Baruch Spinoza (November 24, 1632–February 21, 1677), born in Amsterdam, was a Portuguese-Jewish philosopher and one of the foremost thinkers of the Enlightenment. He is known as one of the most original and radical philosophers of the seventeenth century.

Below we list some words of wisdom from Baruch Spinoza.

“The most tyrannical of governments are those which make crimes of opinions, for everyone has an inalienable right to his thoughts.”

“If you want the present to be different from the past, study the past.”

“I do not know how to teach philosophy without becoming a disturber of established religion.”

“The highest endeavor of the mind, and the highest virtue, it to understand things by intuition.”

“To know the order of nature, and regard the universe as orderly is the highest function of the mind.”

“Men believe themselves to be free, simply because they are conscious of their actions, and unconscious of the causes whereby those actions are determined.”

“What Paul says about Peter tells us more about Paul than about Peter.”

“Nothing in nature is by chance. Something appears to be chance only because of our lack of knowledge.”

“The holy word of God is on everyone's lips...but...we see almost everyone presenting their own versions of God's word, with the sole purpose of using religion as a pretext for making others think as they do.”

“The supreme mystery of despotism, its prop and stay, is to keep men in a state of deception, and with the specious title of religion to cloak the fear by which they must be held in check, so that they will fight for their servitude as if for salvation.”

“Desire nothing for yourself, which you do not desire for others.”

“God is not He who is, but That which is.”

“He who seeks equality between unequals seeks an absurdity.”

“The ultimate aim of government is not to rule, or restrain by fear, nor to exact obedience, but to free every man from fear that he may live in all possible security... In fact the true aim of government is liberty.”

“Laws which prescribe what everyone must believe, and forbid men to say or write anything against this or that opinion, are often passed to gratify, or rather to appease the anger of those who cannot abide independent minds.”

“Laws which can be broken without any wrong to one's neighbor are a laughing-stock; and such laws, instead of restraining the appetites and lusts of mankind, serve rather to heighten them. Nitimur in vetitum semper, cupimusque negata [we always resist prohibitions, and yearn for what is denied us].”
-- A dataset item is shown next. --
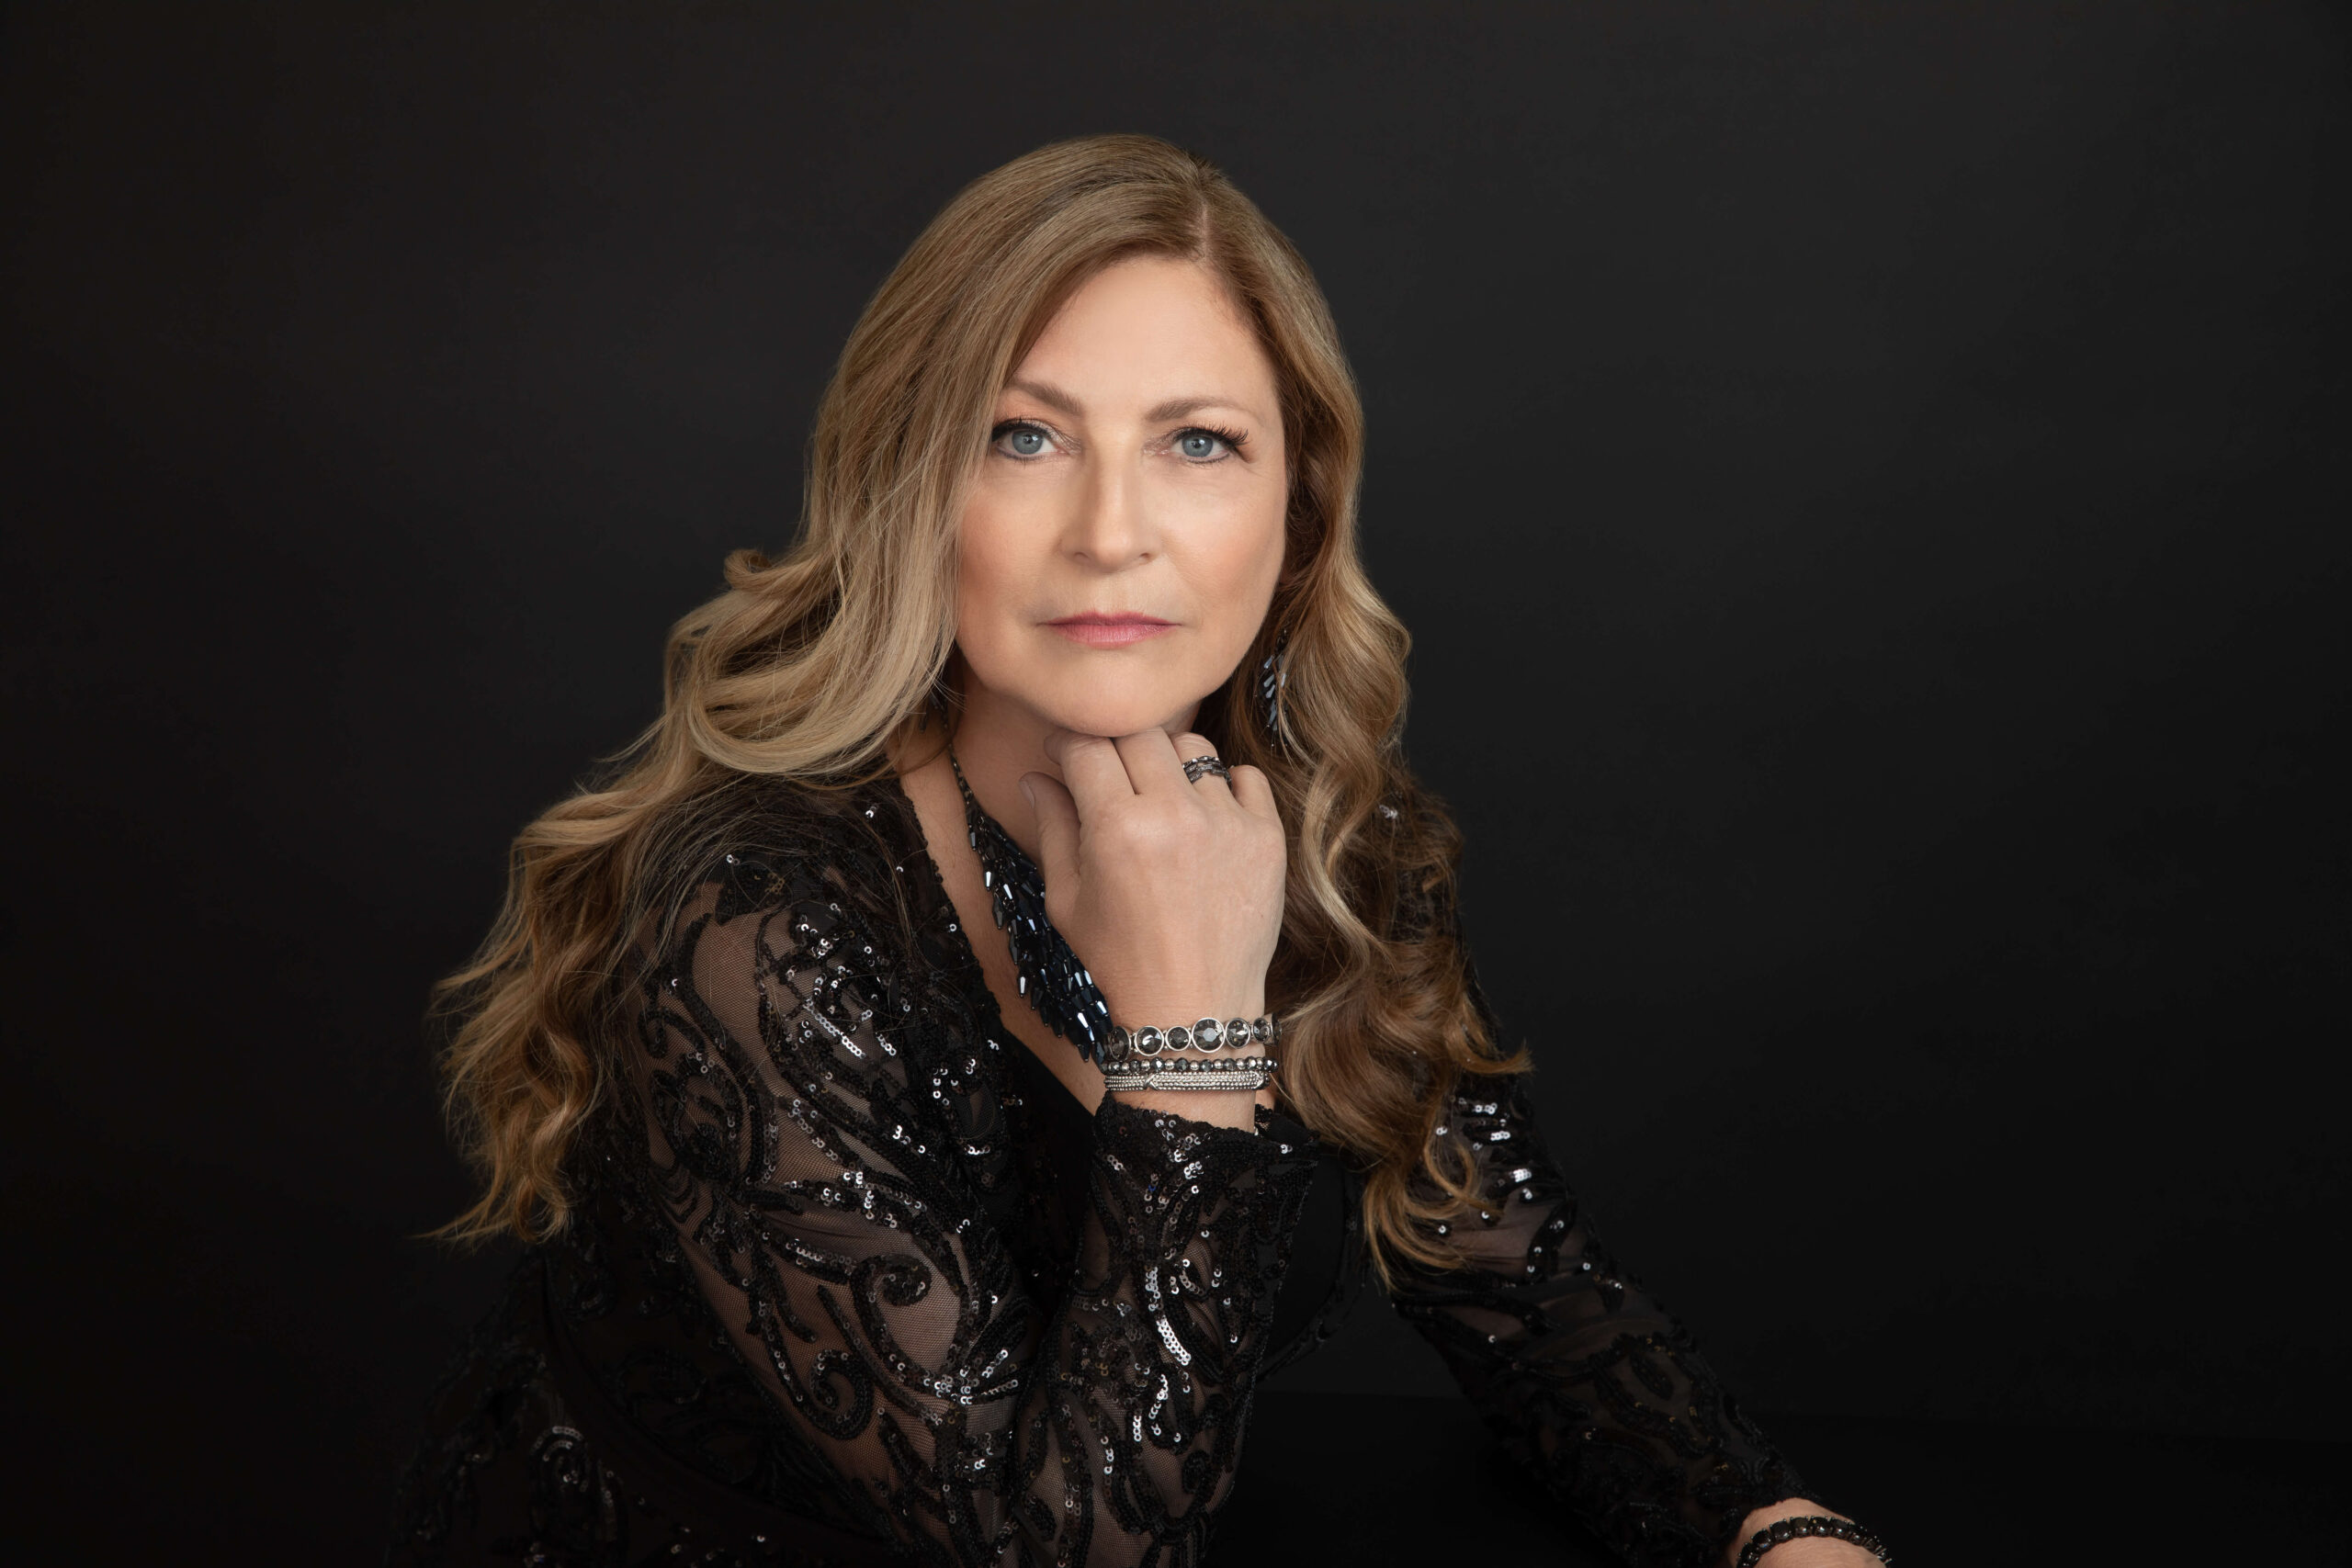 Woman with long, wavy hair wearing a black lace dress and jewelry, posing with her chin on her hand against a black background by Wenatchee Photographer Lynette

“Academies that are founded at public expense are instituted not so much to cultivate men's natural abilities as to restrain them.”

“He who regulates everything by laws, is more likely to arouse vices than reform them.”

“God is the indwelling and not the transient cause of all things.”

“The eternal wisdom of God has shown itself forth in all things, but chiefly in the mind of man, and most of all in Jesus Christ.”

“He whose honor depends on the opinion of the mob must day by day strive with the greatest anxiety, act and scheme in order to retain his reputation. For the mob is varied and inconsistent, and therefore if a reputation is not carefully preserved it dies quickly.”

“Surely human affairs would be far happier if the power in men to be silent were the same as that to speak. But experience more than sufficiently teaches that men govern nothing with more difficulty than their tongues.”

“Everything in nature is a cause from which there flows some effect.”

“After experience had taught me that all the usual surroundings of social life are vain and futile; seeing that none of the objects of my fears contained in themselves anything either good or bad, except in so far as the mind is affected by them, I finally resolved to inquire whether there might be some real good having power to communicate itself, which would affect the mind singly, to the exclusion of all else: whether, in fact, there might be anything of which the discovery and attainment would enable me to enjoy continuous, supreme, and unending happiness.”

“I believe that a triangle, if it could speak, would say that God is eminently triangular, and a circle that the divine nature is eminently circular; and thus would every one ascribe his own attributes to God.”

“Yet nature cannot be contravened, but preserves a fixed and immutable order.”

“We are a part of nature as a whole, whose order we follow.”